How and when did you begin writing?

I think I began writing in my sophomore year of college. I think there was this weird experience that triggered me wanting to write a story—I was doing some volunteer work in New Haven, teaching kids to read. I remember walking through an inner-city neighborhood a block away from campus, and these kids were throwing rocks with snowballs. It wasn’t really that scary, but for some reason this prompted me to write a story. I wrote a very bad story, but I just felt like I needed to express this experience in a short story. Then I wrote another one, which was a better story that won some prizes at Yale and got published in the literary magazine. I was kind of hooked after that. I just stumbled upon a form that let me express certain things.

How long were you working on Fire Year?

Some of the stories are pretty old. Maybe one goes back as far as about eight years ago, but half the stories are very recent, meaning within the year or two before the book got published. You don’t really work on a book—you write stories.

How would you describe the stories in it? What unifies them?

I don’t really describe the book, but the publisher came up with a good description for the back cover: kind of outsider tales. I think that’s pretty good. What’s been interesting to me is how there’s gay stuff and some Jewish stuff and southern stuff.
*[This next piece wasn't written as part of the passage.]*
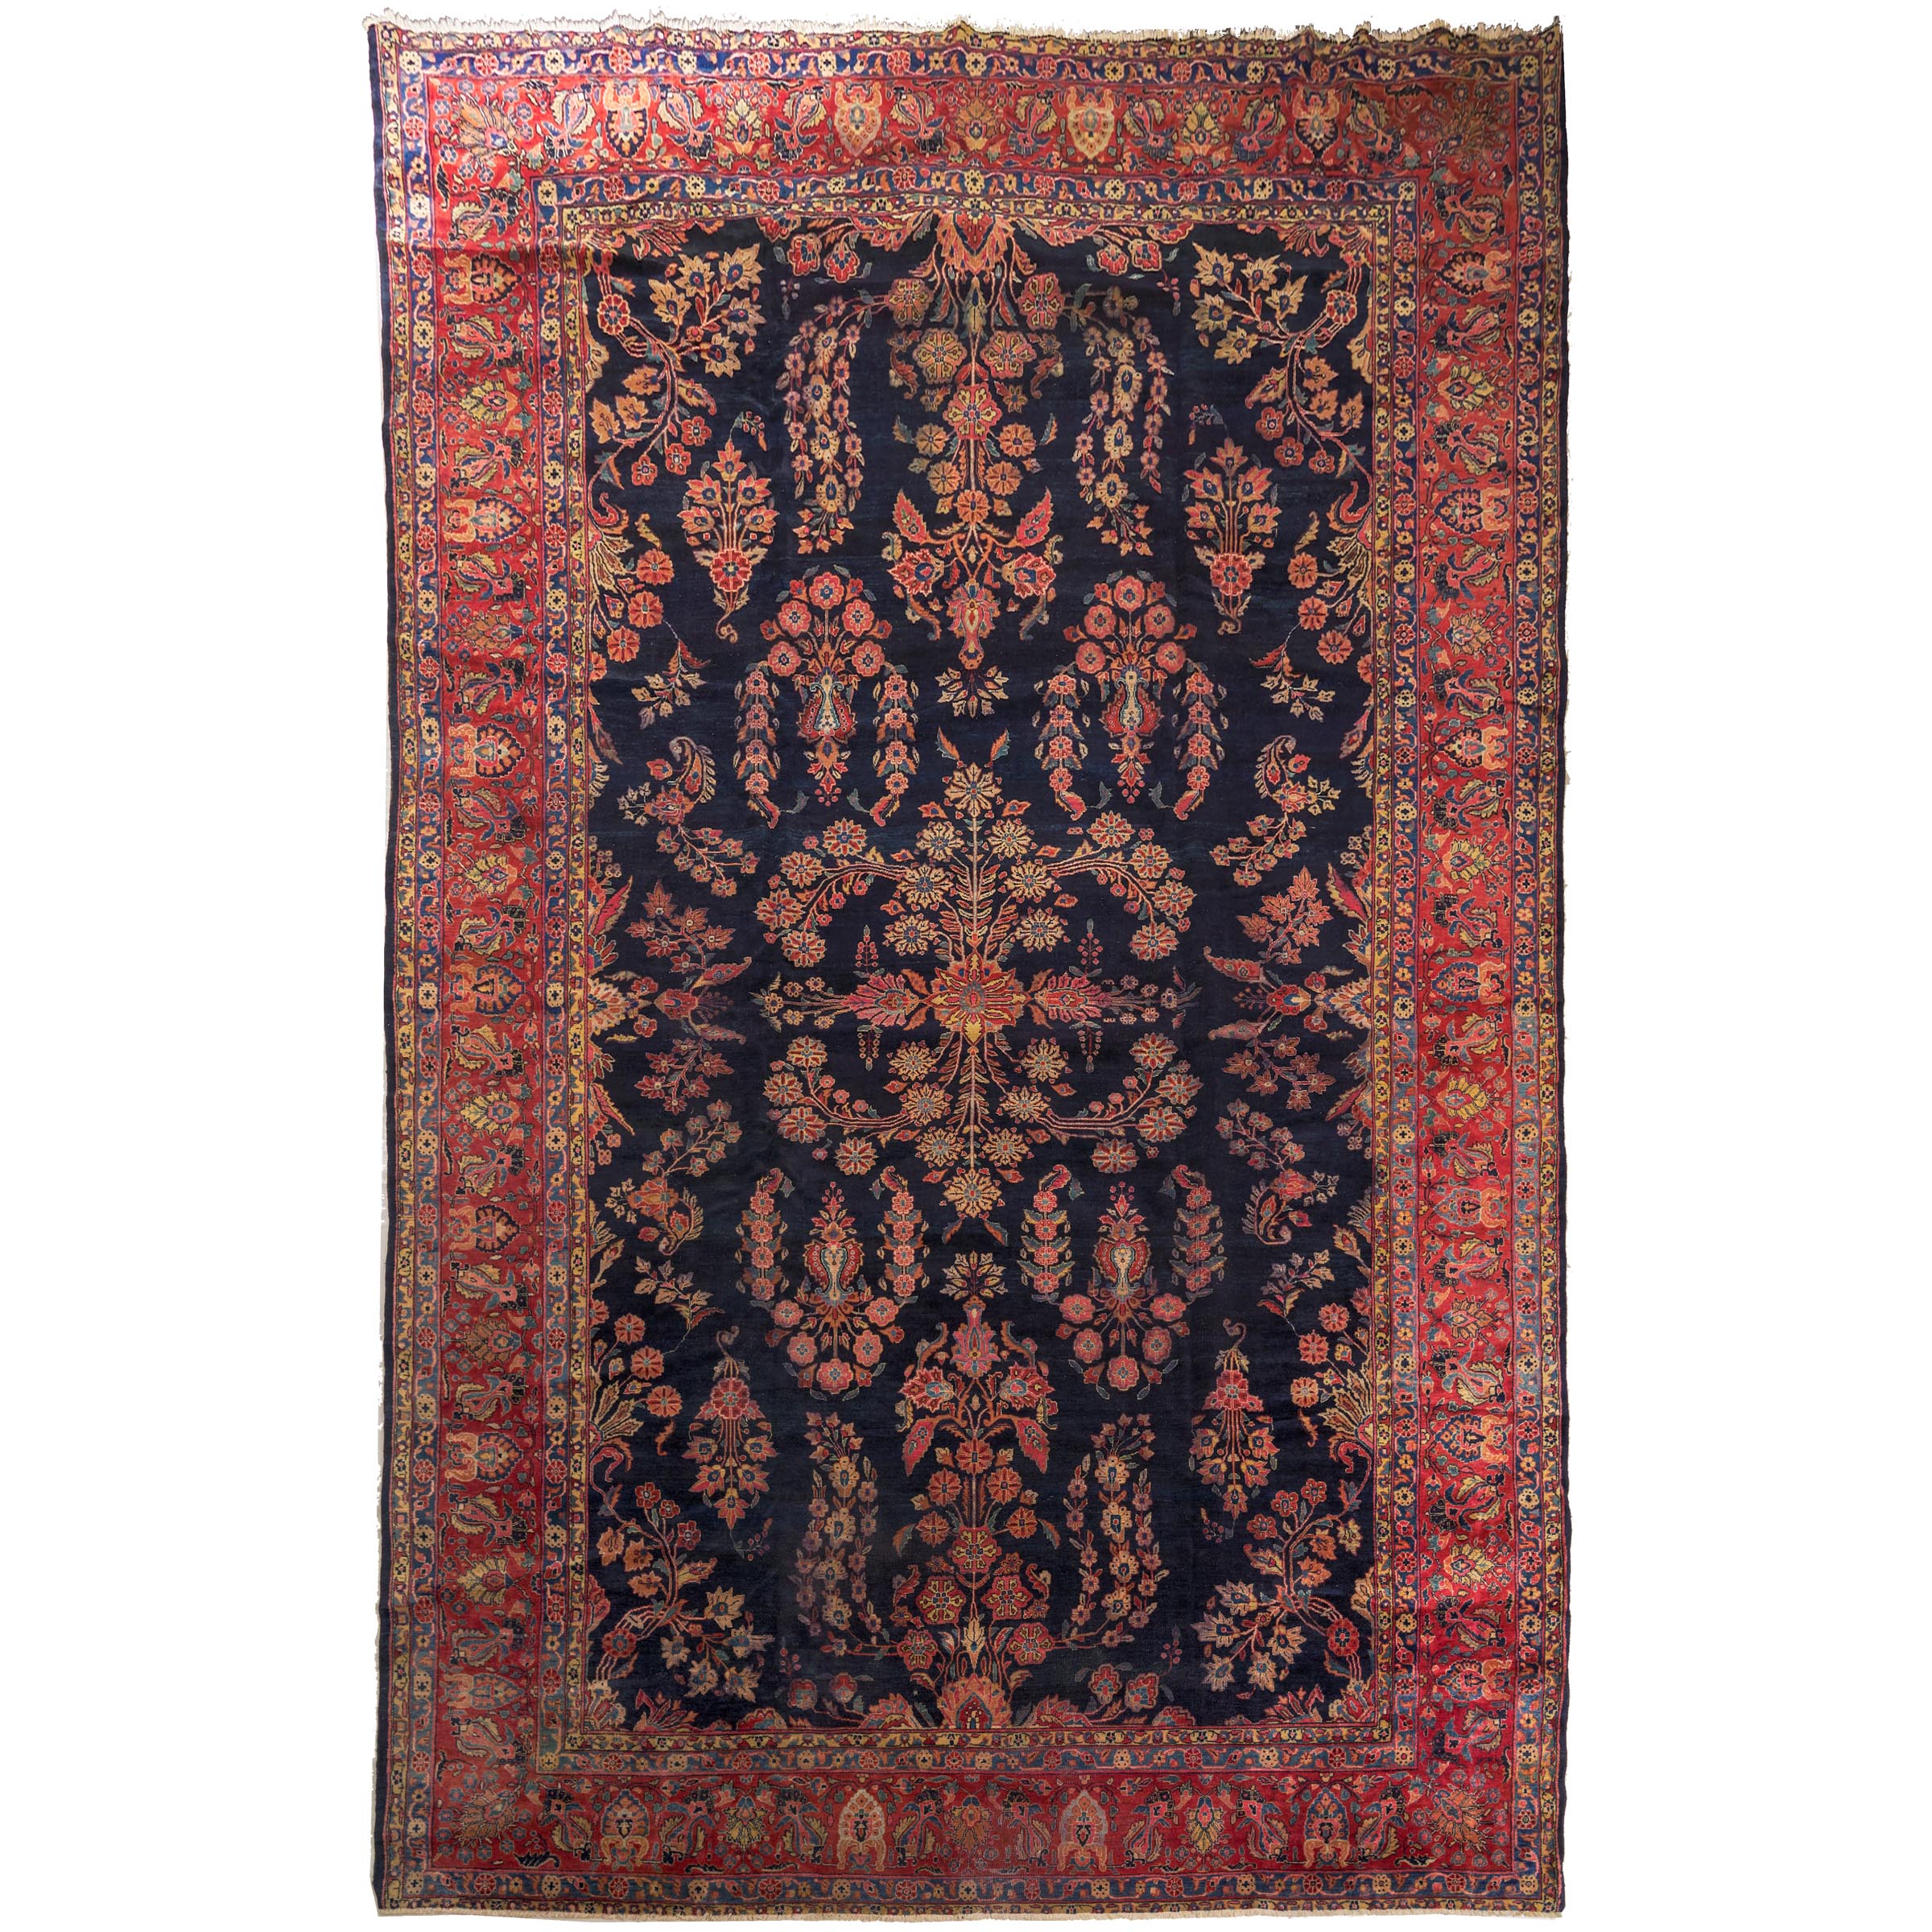 Mohajeran Sarouk Carpet, Persian, c.1900

To me they don’t seem like different categories really, but in terms of a book’s marketing and reception and how reviewers talk about the book, it does become very thematic.

Do you see there being anything particularly Jewish about your work? Are there any particular Jewish themes that interest you in your writing?

I think the Jewish theme would be a conflict religion and secular life—maybe a pull toward religion that might cause problems in the secular world. I think I’m different than a lot of writers I know in the sense that I grew up very religious, and I’m not religious any longer, but I still understand the religious impulse. It still means something to me. I don’t feel I’m dismissive of religious types the way a lot of people I know are. I think my stories are about how that impulse conflicts with the more secular impulses, or impulses of the body versus impulse of the spirit from a Jewish angle.

What are you working on now?

I have more stories. I’d say I’m working on a novel too. It’s about Jews, real estate and Savannah. This felt like it needed to be a novel because it talks about history and it’s trying to tackle a little bit of a broader segment of this town and different types of people. It has at least a couple different points of view. So it felt like it needed to be a novel.